**DATA FOR THE TASK**
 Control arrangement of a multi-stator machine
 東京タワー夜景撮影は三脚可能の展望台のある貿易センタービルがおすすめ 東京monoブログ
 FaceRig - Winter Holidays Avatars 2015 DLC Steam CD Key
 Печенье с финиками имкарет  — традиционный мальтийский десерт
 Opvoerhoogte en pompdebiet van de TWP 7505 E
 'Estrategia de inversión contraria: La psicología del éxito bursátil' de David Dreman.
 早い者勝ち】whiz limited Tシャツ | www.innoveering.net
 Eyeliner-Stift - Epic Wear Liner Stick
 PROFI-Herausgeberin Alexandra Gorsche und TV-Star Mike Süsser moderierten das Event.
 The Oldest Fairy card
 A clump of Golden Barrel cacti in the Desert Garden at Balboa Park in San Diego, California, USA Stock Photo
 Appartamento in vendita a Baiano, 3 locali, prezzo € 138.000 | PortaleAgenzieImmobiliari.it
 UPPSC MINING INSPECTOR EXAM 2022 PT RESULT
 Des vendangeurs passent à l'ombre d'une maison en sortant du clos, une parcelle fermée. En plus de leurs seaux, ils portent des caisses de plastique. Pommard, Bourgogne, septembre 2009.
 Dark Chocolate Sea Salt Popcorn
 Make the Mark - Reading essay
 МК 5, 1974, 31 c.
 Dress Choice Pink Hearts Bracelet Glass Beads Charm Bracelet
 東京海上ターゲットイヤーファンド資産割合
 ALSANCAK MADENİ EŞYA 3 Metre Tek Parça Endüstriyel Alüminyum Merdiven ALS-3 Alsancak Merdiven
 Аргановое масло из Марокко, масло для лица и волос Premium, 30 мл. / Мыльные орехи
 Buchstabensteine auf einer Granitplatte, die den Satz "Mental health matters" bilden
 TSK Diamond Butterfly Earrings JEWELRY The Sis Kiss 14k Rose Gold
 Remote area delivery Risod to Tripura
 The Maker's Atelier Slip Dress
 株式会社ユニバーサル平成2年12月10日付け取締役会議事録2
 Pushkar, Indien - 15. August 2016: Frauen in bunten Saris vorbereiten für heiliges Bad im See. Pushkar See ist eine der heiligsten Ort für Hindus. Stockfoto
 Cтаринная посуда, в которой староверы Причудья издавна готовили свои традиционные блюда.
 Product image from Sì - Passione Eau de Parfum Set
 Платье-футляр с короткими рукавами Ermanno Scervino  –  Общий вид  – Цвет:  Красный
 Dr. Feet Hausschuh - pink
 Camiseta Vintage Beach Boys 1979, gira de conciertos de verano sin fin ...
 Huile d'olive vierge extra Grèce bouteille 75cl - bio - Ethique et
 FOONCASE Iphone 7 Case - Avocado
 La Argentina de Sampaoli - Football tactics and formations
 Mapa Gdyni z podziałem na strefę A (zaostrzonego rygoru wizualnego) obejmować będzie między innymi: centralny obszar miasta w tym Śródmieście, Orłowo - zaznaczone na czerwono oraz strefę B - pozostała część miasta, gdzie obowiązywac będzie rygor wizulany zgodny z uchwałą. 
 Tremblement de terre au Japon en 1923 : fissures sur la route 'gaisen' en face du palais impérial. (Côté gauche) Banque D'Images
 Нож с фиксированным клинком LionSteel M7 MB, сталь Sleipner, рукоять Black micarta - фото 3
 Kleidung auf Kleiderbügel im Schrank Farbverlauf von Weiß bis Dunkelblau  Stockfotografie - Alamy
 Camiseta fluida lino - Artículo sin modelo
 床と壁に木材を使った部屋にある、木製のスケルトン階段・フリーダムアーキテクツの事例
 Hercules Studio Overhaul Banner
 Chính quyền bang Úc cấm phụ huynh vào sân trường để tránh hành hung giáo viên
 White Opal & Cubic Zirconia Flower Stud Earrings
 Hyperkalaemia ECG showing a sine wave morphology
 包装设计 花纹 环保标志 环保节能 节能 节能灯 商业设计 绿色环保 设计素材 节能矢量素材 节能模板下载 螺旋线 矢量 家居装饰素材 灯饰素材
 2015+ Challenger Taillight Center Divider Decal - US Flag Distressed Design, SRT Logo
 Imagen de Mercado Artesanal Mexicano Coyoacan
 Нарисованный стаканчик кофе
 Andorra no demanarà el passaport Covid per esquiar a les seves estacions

**EXERCISE BRIEF**
Please find every line in the records that contains the word "Camiseta", and copy it out.

**RESULT OF THIS EXERCISE**
 Camiseta Vintage Beach Boys 1979, gira de conciertos de verano sin fin ...
 Camiseta fluida lino - Artículo sin modelo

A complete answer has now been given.